- Coordinates: 28°W 53°W

= Brazilian Antarctica =

Brazilian Antarctica (Antártida Brasileira or Antártica Brasileira) is the Antarctic territory south of 60°S, and from 28°W to 53°W, proposed as a "zone of interest" by geopolitical scholar Therezinha de Castro. It would comprise part of Coats Land, Berkner Island and much of the Weddell Sea and its ice shelf, for a total land area of around 400,000 square kilometers, overlapping the Argentine and British claims and bordering the Chilean claim. The country formally expressed its reservations with respect to its territorial rights in Antarctica when it acceded to the Antarctic Treaty on 16 May 1975, making the first official mention of the Frontage Theory, which states (simplified) that sovereignty over each point in Antarctica properly (bar the South Pole itself) belongs to the first country whose non-Antarctic territory one would reach when travelling north in a straight line from such a point.

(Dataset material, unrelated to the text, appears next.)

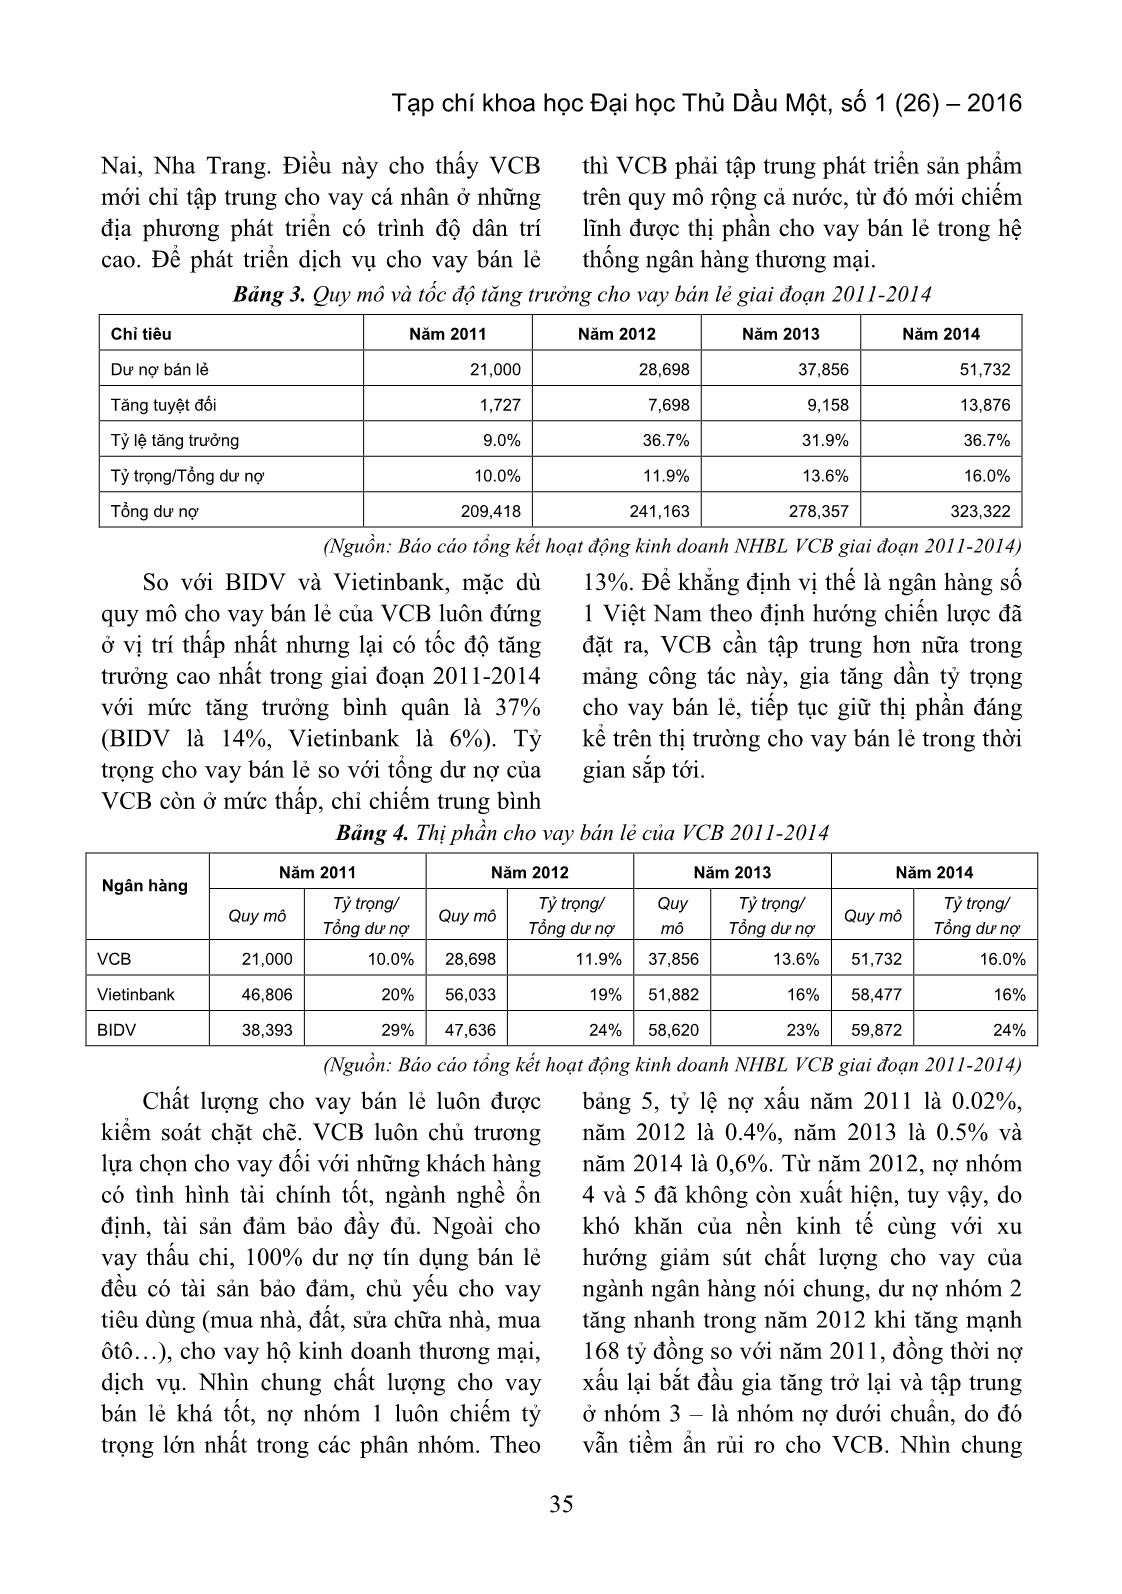 Dịch vụ ngân hàng bán lẻ tại ngân hàng thương mại Cổ phần Ngoại thương Việt Nam − thực trạng và giải pháp trang 3
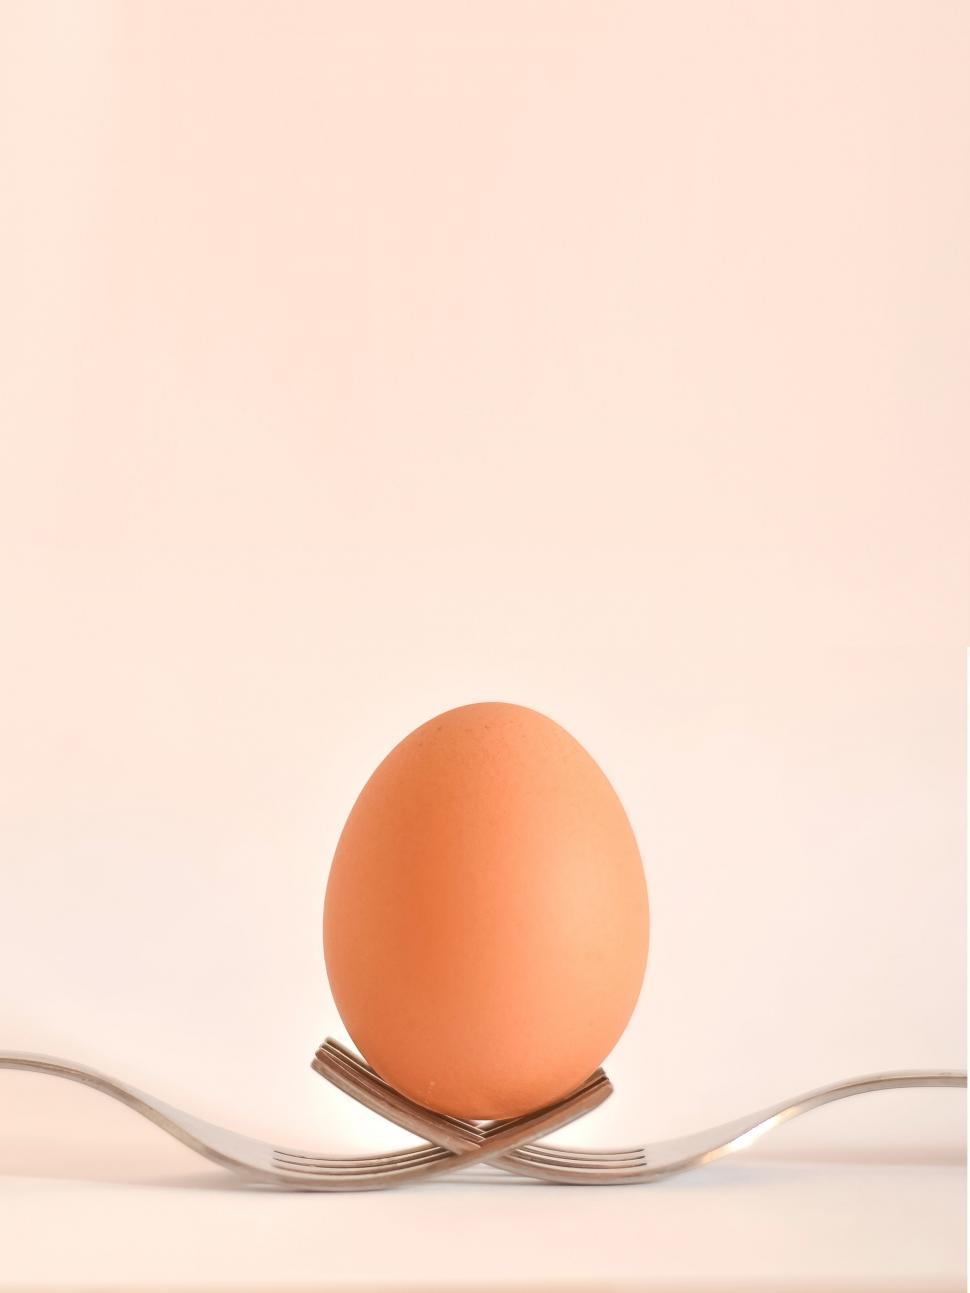 Free Image of Egg on forks

Outside the zone of interest, Brazil maintains a permanently staffed research facility, the Comandante Ferraz Brazilian Antarctic Base (UN/LOCODE: AQ-CFZ), located in Admiralty Bay, King George Island, near the tip of the Antarctic Peninsula, at . The peninsula is the northernmost, most accessible, and warmest part of the Antarctic continent and a number of countries, therefore, have research bases located on it.

At the time of the earliest Brazilian Antarctic expeditions in the early 1980s, there were calls to install a research facility in the zone defined by the frontage theory. Practical reasons prevailed for a location in the Antarctic Peninsula, outside of the zone. The Navy was unprepared to operate in the Weddell Sea and, together with the Ministry of Foreign Affairs, favored a pragmatic approach over the Army's territorialist concern for operations in the zone. A 1980 report by the Armed Forces General Staff advised an avoidance of "sterile discussions" over frontage theory, noting its expansionist undertones brought unneeded tension with Argentina. The priority was to be integration into the Antarctic Treaty.

Maps depicting a Brazilian claim in Antarctica were used in some public schools in the 1960s. As late as 2009, some articles on Wikipedia mistakenly claimed Brazil has or intends to have an Antarctic territorial claim.